Malaysian crude palm oil staged its sharpest decline in a single day on Friday, tumbling more than 6 percent as market talk that Indonesia could delay its plan to raise vegetable oil export tax triggered panic selling.
The sell-off in palm oil also affected other edible oil markets, with Chicago soyoil falling 1.76 percent during Asian hours and Indian soyoil down in cautious trade.
China's Dalian soyoil and Indonesian palm oil also fell.
The benchmark August contract on the Bursa Malaysia Derivatives Exchange was down 174 ringgit, or 6.6 percent, to 2,471 Malaysian ringgit ($713) a tonne.
"It's a massive killing, players are going all out to take profits," said S. Paramalingam, director of trading company Pelindung Bestari Sdn Bhd.
"It's a classic, domino situation - one starts to sell out and the rest follow, scared to make any losses."
The palm oil market also pulled down plantation stocks like IOI Corp The plantation index slipped 0.25 percent to 6310.67. Some traders said the market was oversold and likely to bounce back on Monday. "It was not just profit-taking, it was panic selling as everyone wanted to save whatever they could from gains in the past few days," another trader said.
"The market is oversold and I think it will recover." Palm oil, largely used as a cooking oil but also in products ranging from lipstick to biodiesel, hit a new high of 2,764 ringgit on Wednesday. The state-run Malaysian Palm Oil Board will release May output, stocks and export numbers on Monday, when cargo surveyors will unveil June 1-10 export numbers.
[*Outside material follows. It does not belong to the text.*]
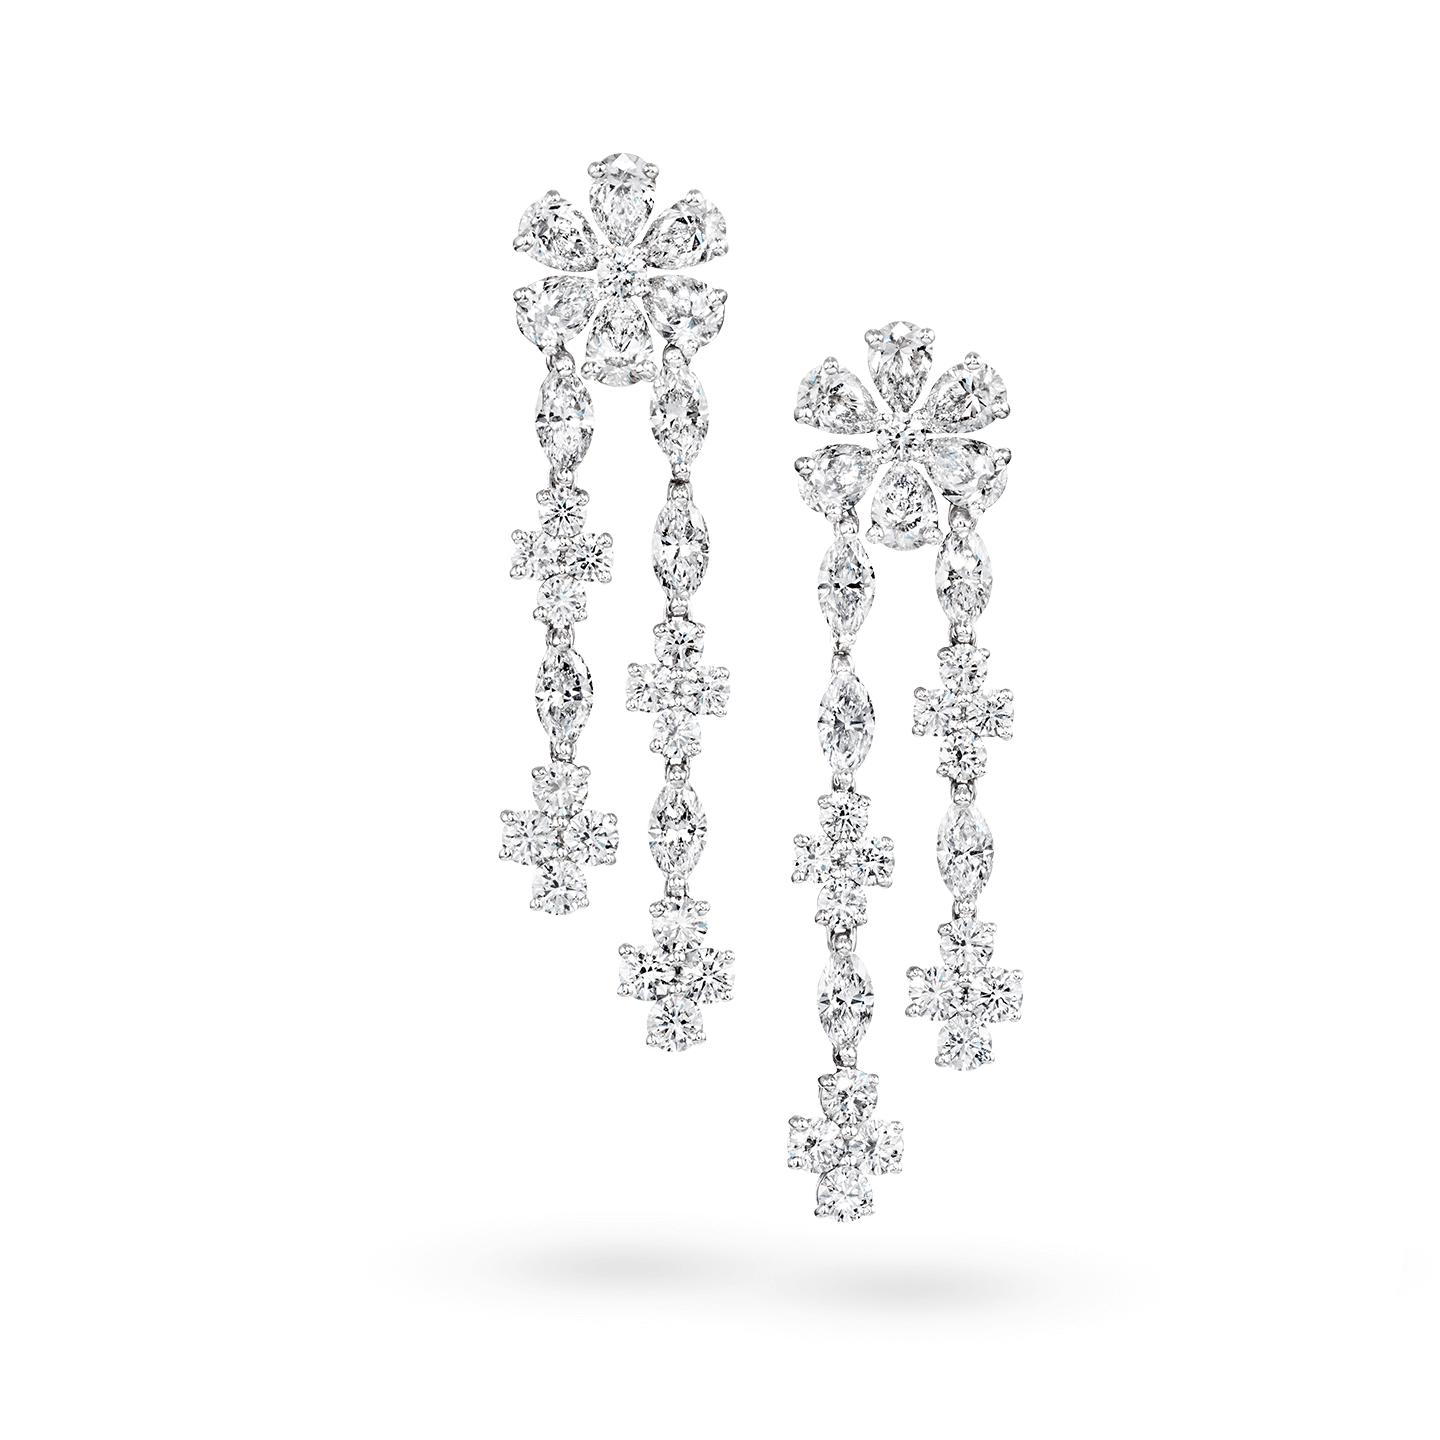 Forget-Me-Not Diamond Drop Earrings, Product Image 1

The commodity is still up close to 24 percent since January on dwindling supplies and robust demand from top importers India and China. It surged 40 percent last year on demand from the biodiesel and food sectors. Other traded months fell between 65 and 165 ringgit. Total volume more than doubled to 25,438 lots of 25 tonnes.
The September contract on the Joint Asian Derivatives Exchange (JADE) fell $20 to $730 a tonne. JADE, a collaboration between the Chicago Board of Trade and the Singapore Exchange, made its debut on Wednesday with US dollar-denominated crude palm oil.
Indonesia said it was considering raising palm oil export tax to 6.5 percent if local crude palm oil prices stayed above 7,000 rupiah a kg until end June, Trade Minister Mari Pangestu said on Thursday. Indonesian producers said they were trying to sell palm oil in the local market at cheaper prices to ensure that an increase in export tax could be avoided.
"We are working hard to make it work so that nothing happens," said Derom Bangun, executive chairman of the Indonesian Palm Oil Producers Association. Traders in India said they would wait and watch. "There is huge profit-taking, so let us see how the market behaves on Monday," said Atul Chaturvedi, vice-president of Adani Exports Ltd. In Malaysia's physical market, crude palm oil for June shipment was quoted at 2,750/2,800 ringgit a tonne. Trades were done at 2,800 ringgit.